Monday, February 07, 2005

Ne me touchez pas! Part II

No one knew what was going to happen next, least of all me. I had just finished Alistair Horne's Seven Ages of Paris, and I wondered if Parisians were still capable of the caprice that had led them to revolt at the drop of a hat in the past. Here was an injustice, and the possible culprits looked like they might be of Algerian descent. As I understand so far (not very well, honestly), Algerians and Arabs in general are villified more than any other group by the comparatively tolerant Parisians. It was an Algerian Islamic group that had gone on a bombing spree in Paris twenty years earlier, killing several people at Metro stations, in fact. So what's going on here?

I was only connecting the dots, and there weren't many dots. It would be like a Frenchman in America, who spoke poor English and didn't know our history, trying to tie together Bobby Seale-Vietnam-Kent State-Watts-Columbine into something coherent. I decided this little subway tiff wasn't going to be a major event.

To make sure, I looked at faces around me, trying to gauge the situation. There were a lot of them. The train still hadn't arrived, and I had been there ten minutes. It was getting very crowded. Crowded enough for...a revolution?!?

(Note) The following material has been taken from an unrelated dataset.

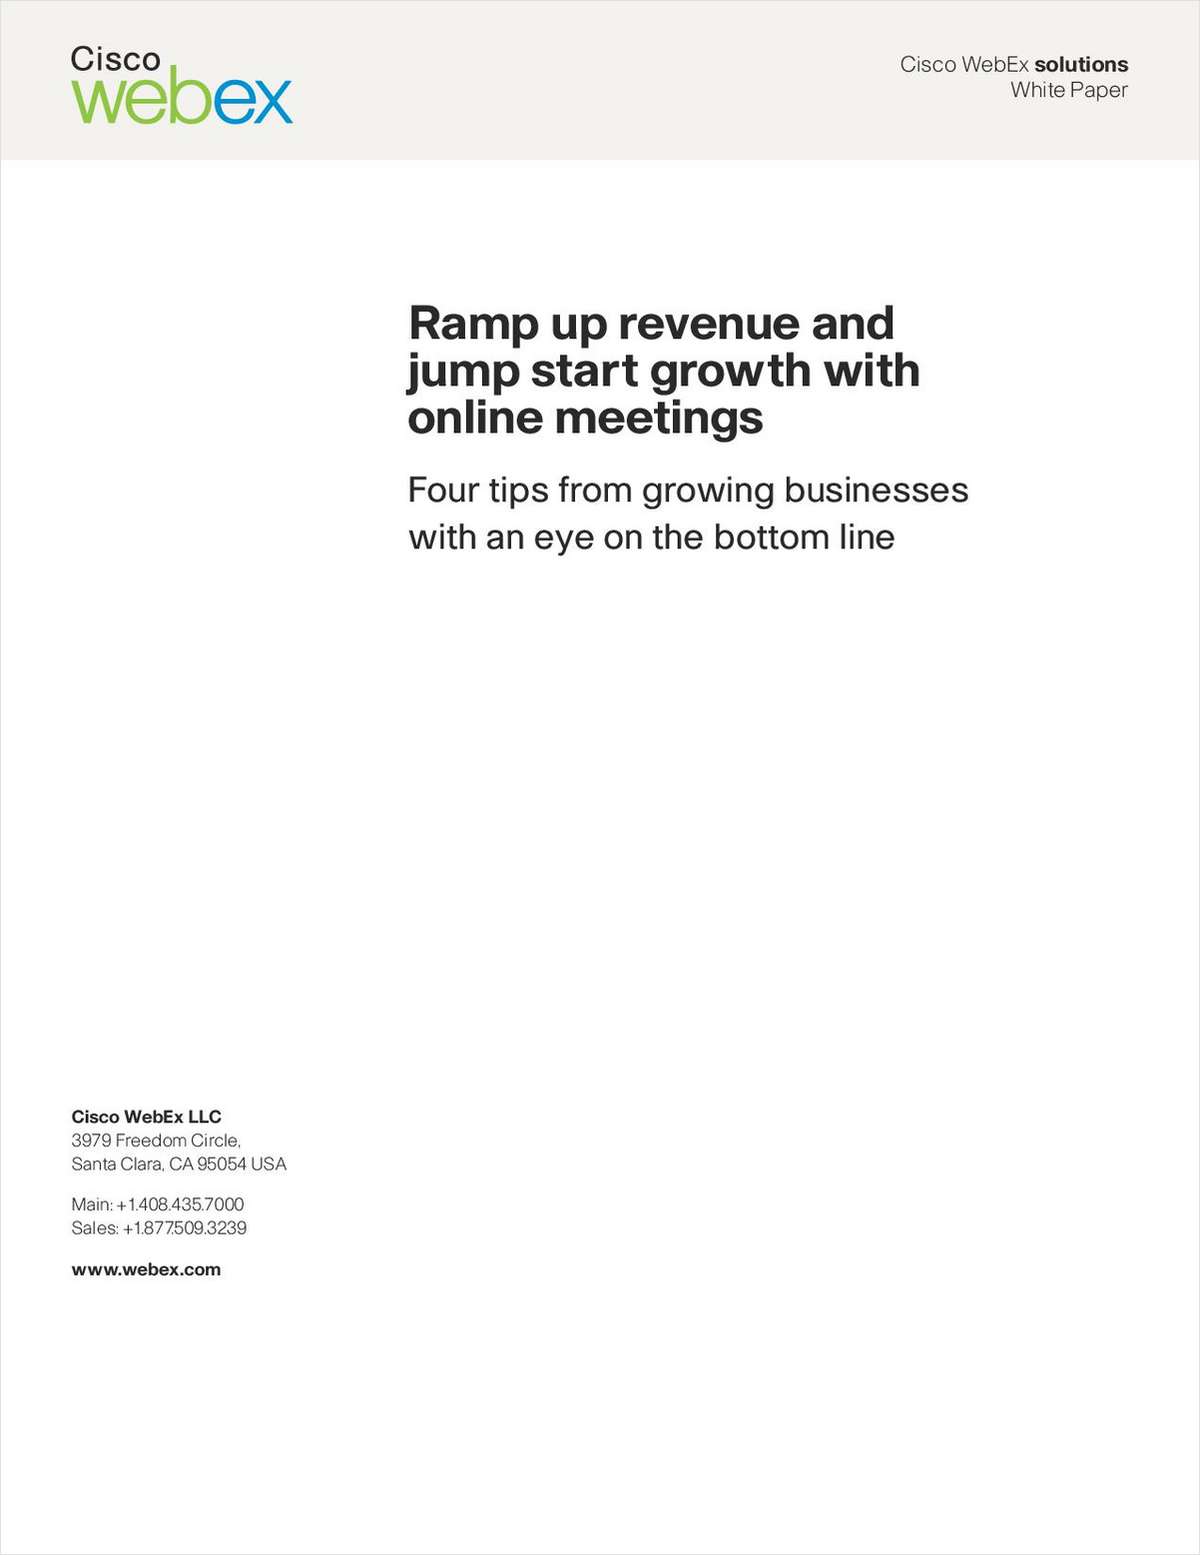 Ramp Up Revenue and Jump Start Growth with Online Meetings

I caught a glimpse of the screaming man, a black man in his late twenties. He was handsome and well-dressed, which was relieving for two reasons. First, he seemed mentally stable, not given to unpredictable outbursts like maybe unloading an Uzi into the crowd or pushing someone onto the tracks in front of an oncoming train. Second, he probably didn't want to mess up his fab outfit getting into a fight with these kids. I think he just wanted to be heard.

Some of the faces I saw betrayed a little worry, though. I mean, it was a slightly volatile situation, right? But the group of young, chic black girls next to me giggled and rolled their eyes every time the man barked out his accusations. Perhaps they were too young to appreciate the history of racism in France. But wait, didn't African-Americans flock to Paris in the 1920s to live in a more tolerant atmosphere? Sidney Bechet? Josephine Baker? Why did the white people in the Metro station look worried? Okay, nervous white people, outraged young black man, Arabs potentially making racist comments...okay, it's a...uh...race thing, I guess. But rich black girls laughing off the whole thing, obviously class is trumping race, here, but...um...wait...

Okay, screw it. I have a lot to learn about race and class in France. Or maybe there's not much to learn, and I'm just hung up on it because I'm American. "Surely you must make life difficult for each other based on wealth and skin color! How else will you determine your self-worth?"

Finally, as the platform was starting to fill up beyond capacity, a light appeared in the tunnel. Crisis averted. I could get on the train, have a few laughs finishing the Sedaris book, and be home in time to watch the Eiffel Tower blink itself to sleep.

As the train pulled into the station, every single person on the platform groaned. The cars were packed to the gills. Merde.